Instructions to follow
Before copying, find the line below that contains "Grenade jouet pour"; then return it and all later lines exactly, up to and including the final line, with no pictures.

Recorded data
—————

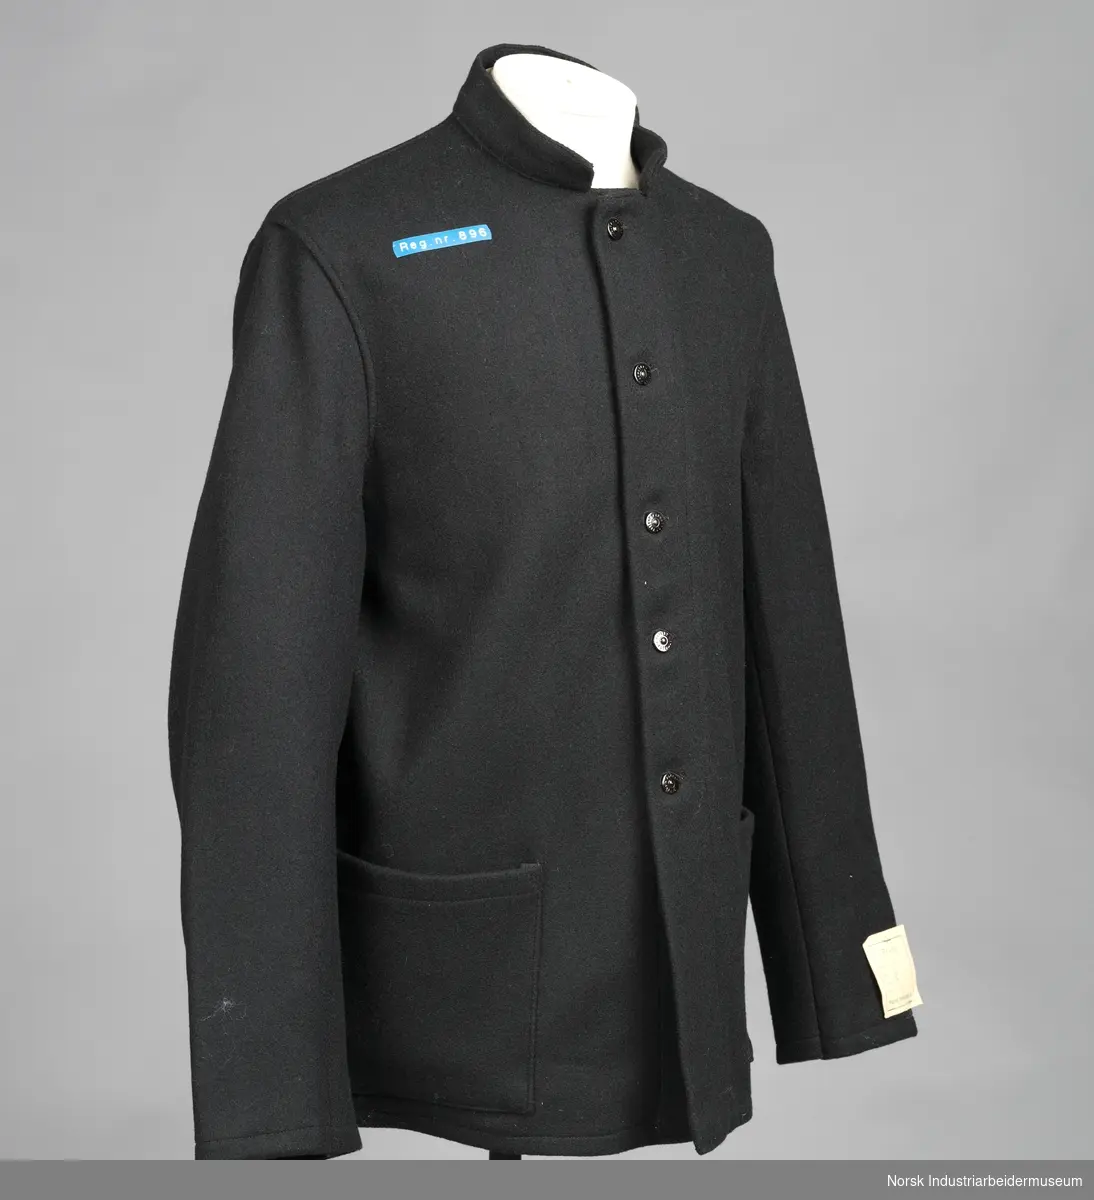 Sort arbeidsdress (jakke og bukse) med sorte blanke knapper.
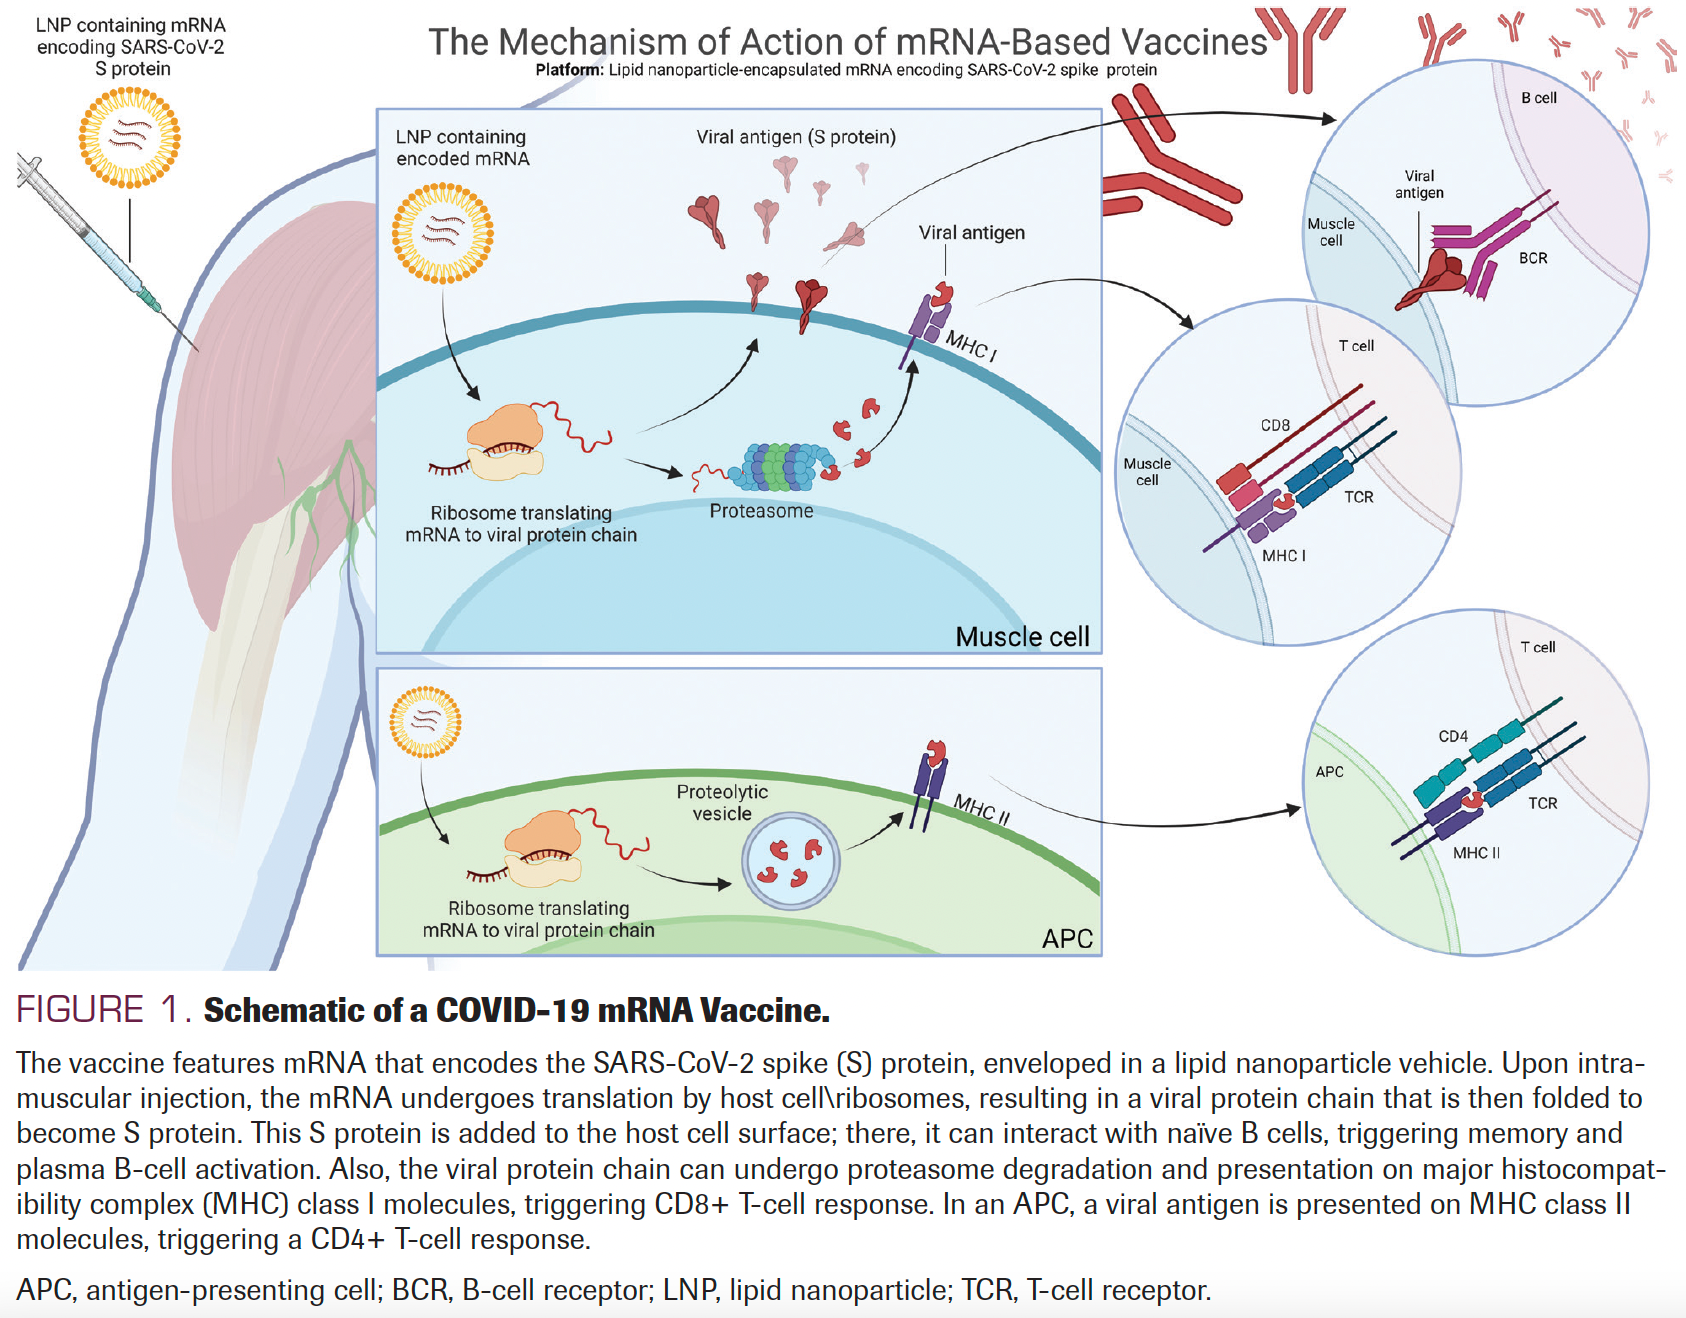 FIGURE 1. Schematic of a COVID-19 mRNA Vaccine
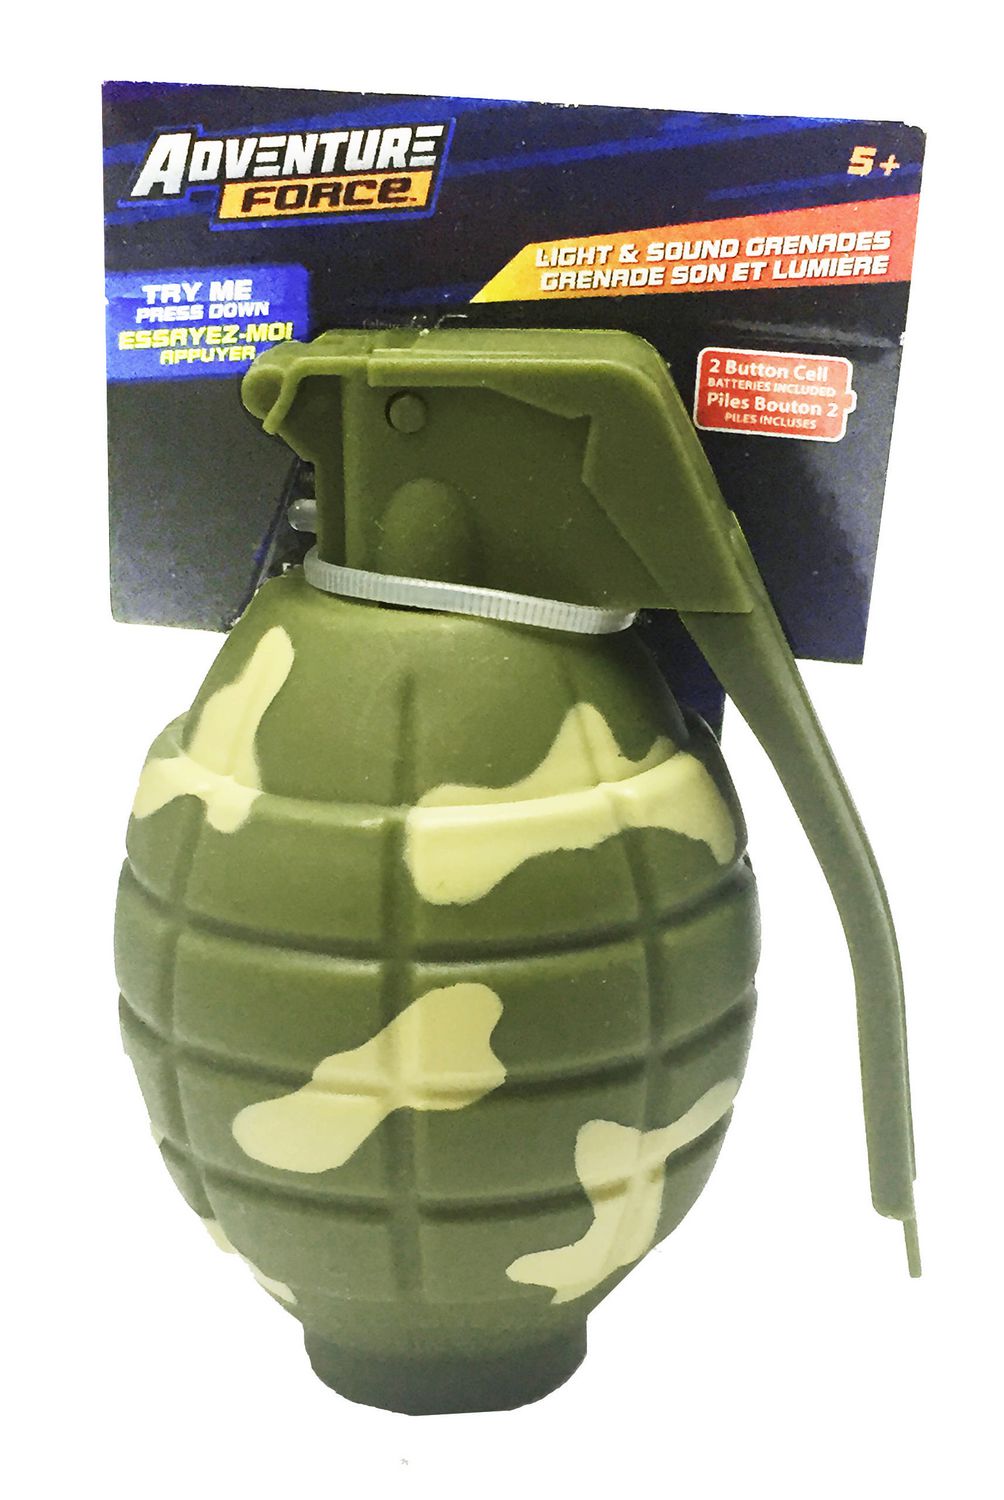 Grenade jouet pour enfants,Simulation de grenades sonores et
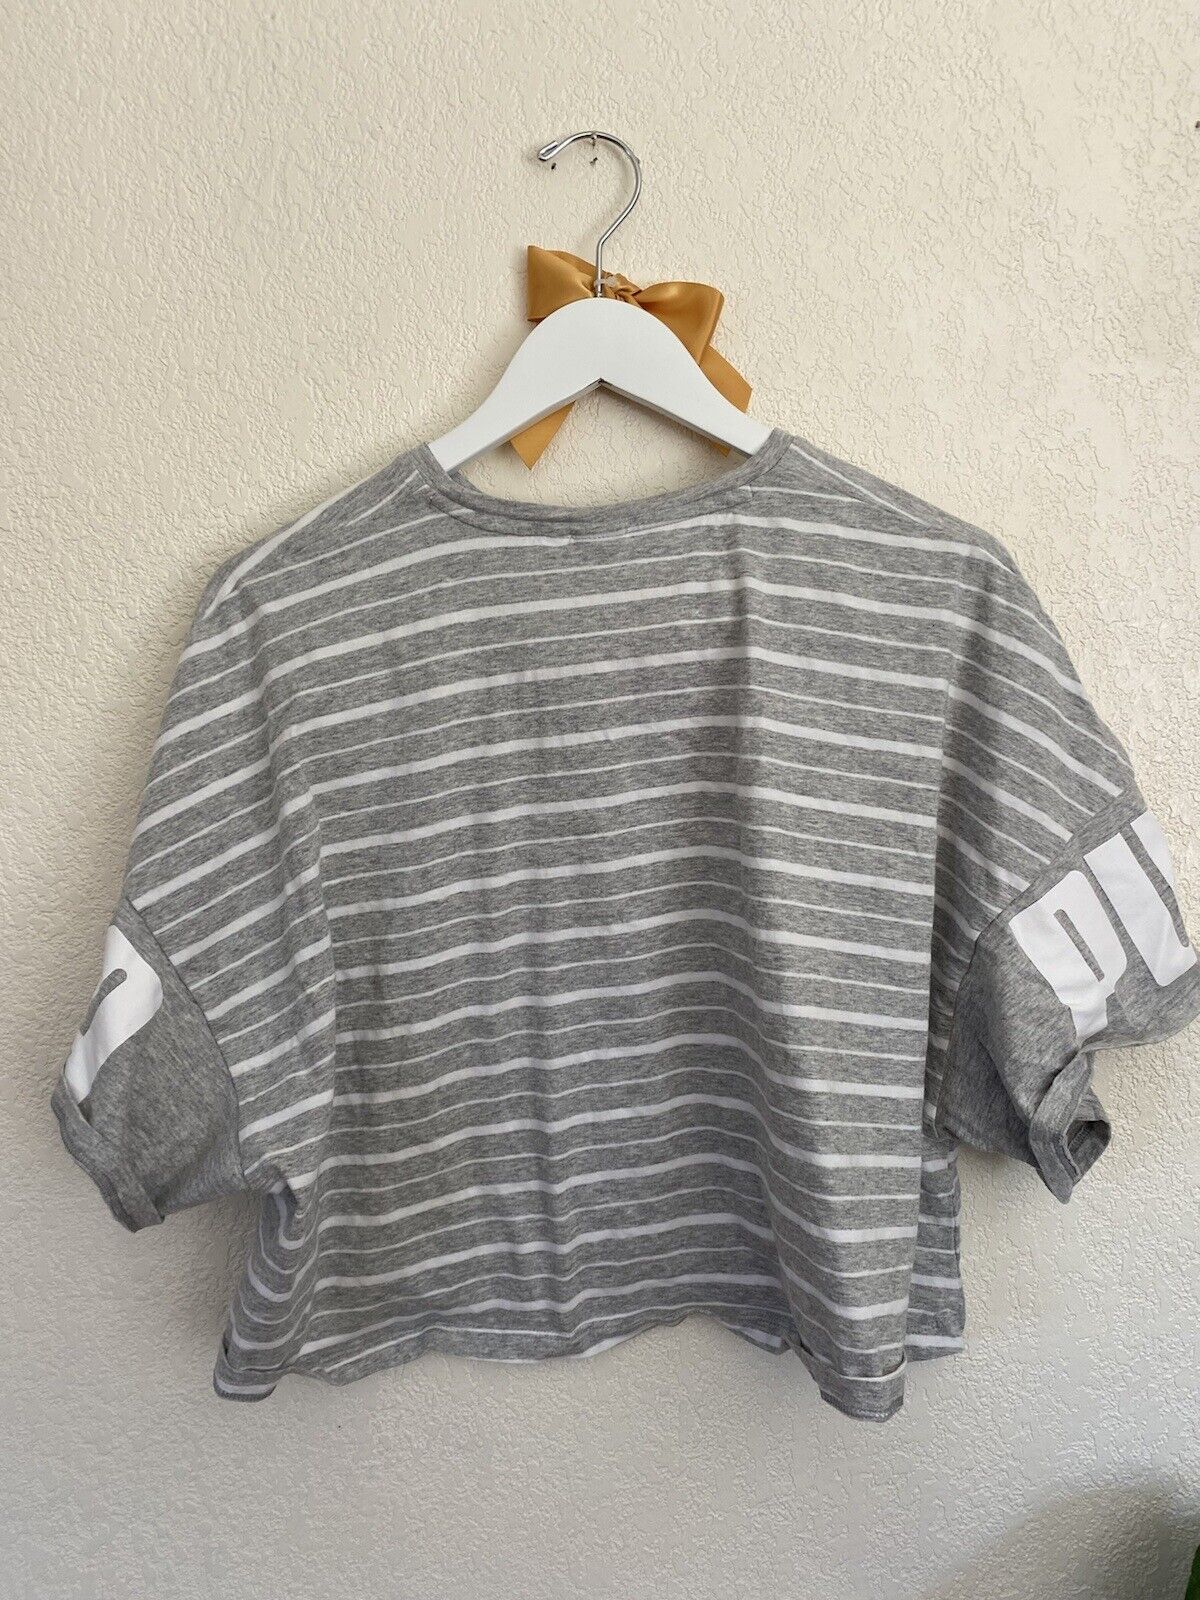 Gray Striped Tshirt - Puma - Women’s XL

—————

Task response
 Grenade jouet pour enfants,Simulation de grenades sonores et
 Gray Striped Tshirt - Puma - Women’s XL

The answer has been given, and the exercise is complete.